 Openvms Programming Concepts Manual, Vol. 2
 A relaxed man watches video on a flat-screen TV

...

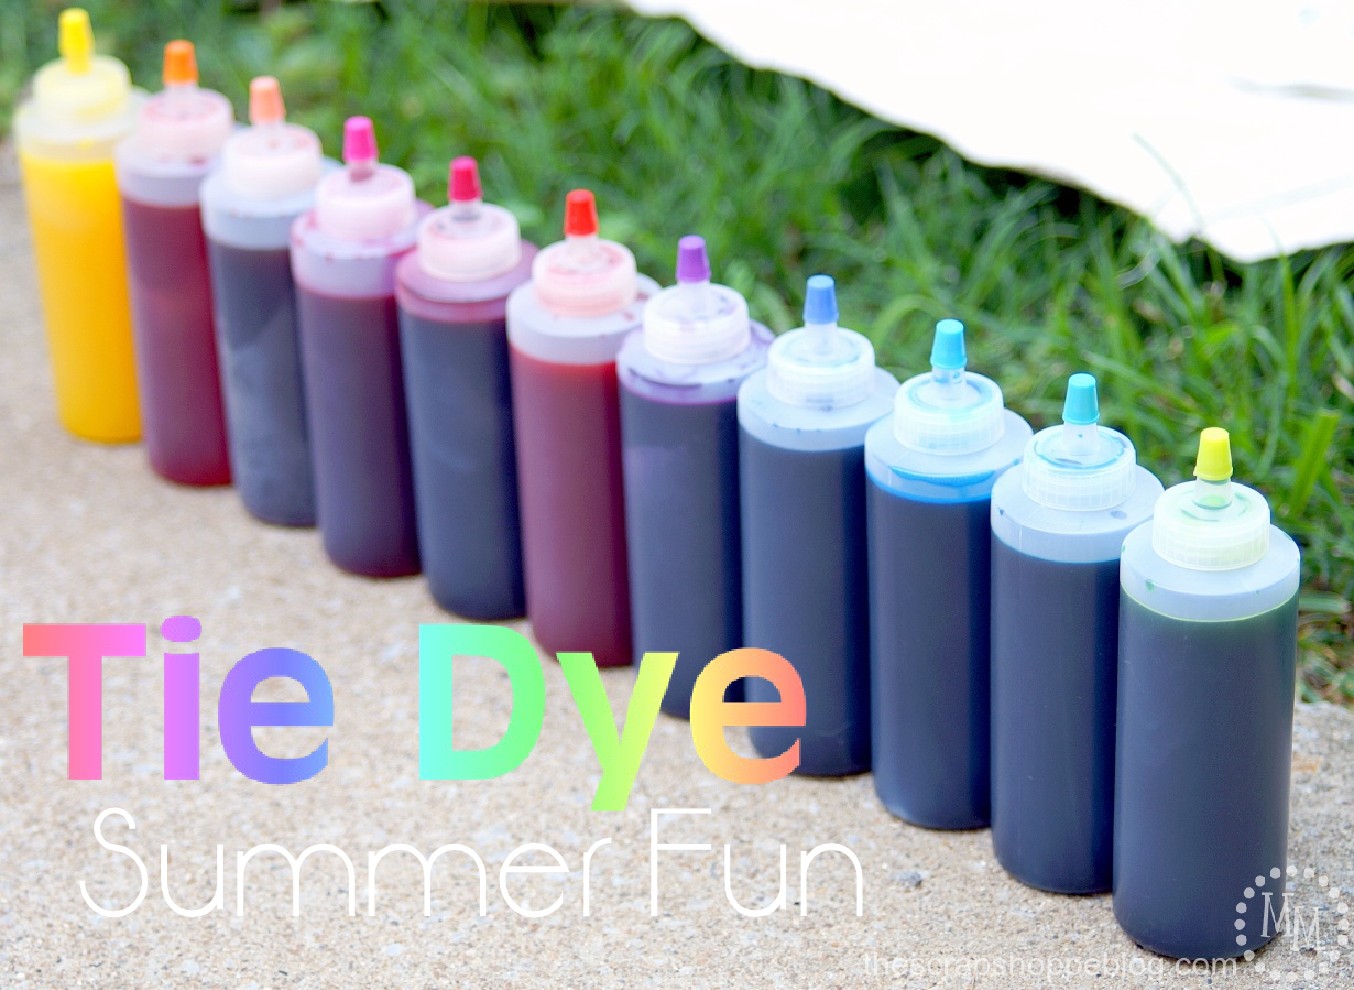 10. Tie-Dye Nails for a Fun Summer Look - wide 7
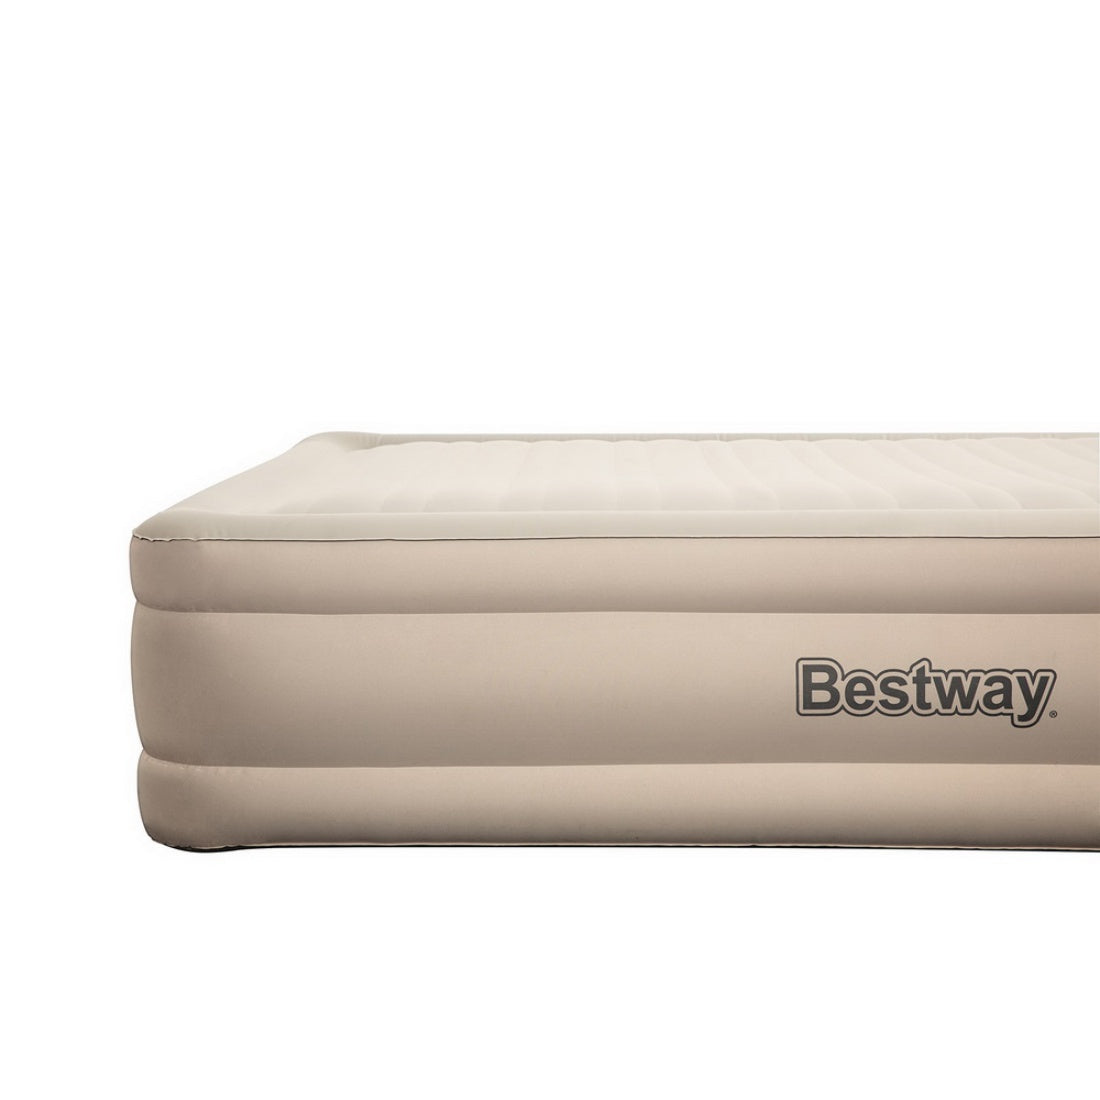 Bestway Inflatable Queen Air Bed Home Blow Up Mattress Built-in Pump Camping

## TASK DESCRIPTION
Out of the records above, set down only the lines from the one that contains "10. Tie-Dye Nails" through the one that contains "Bestway Inflatable Queen", unchanged and without the pictures.

## ANSWER FOR THIS EXERCISE
 10. Tie-Dye Nails for a Fun Summer Look - wide 7
 Bestway Inflatable Queen Air Bed Home Blow Up Mattress Built-in Pump Camping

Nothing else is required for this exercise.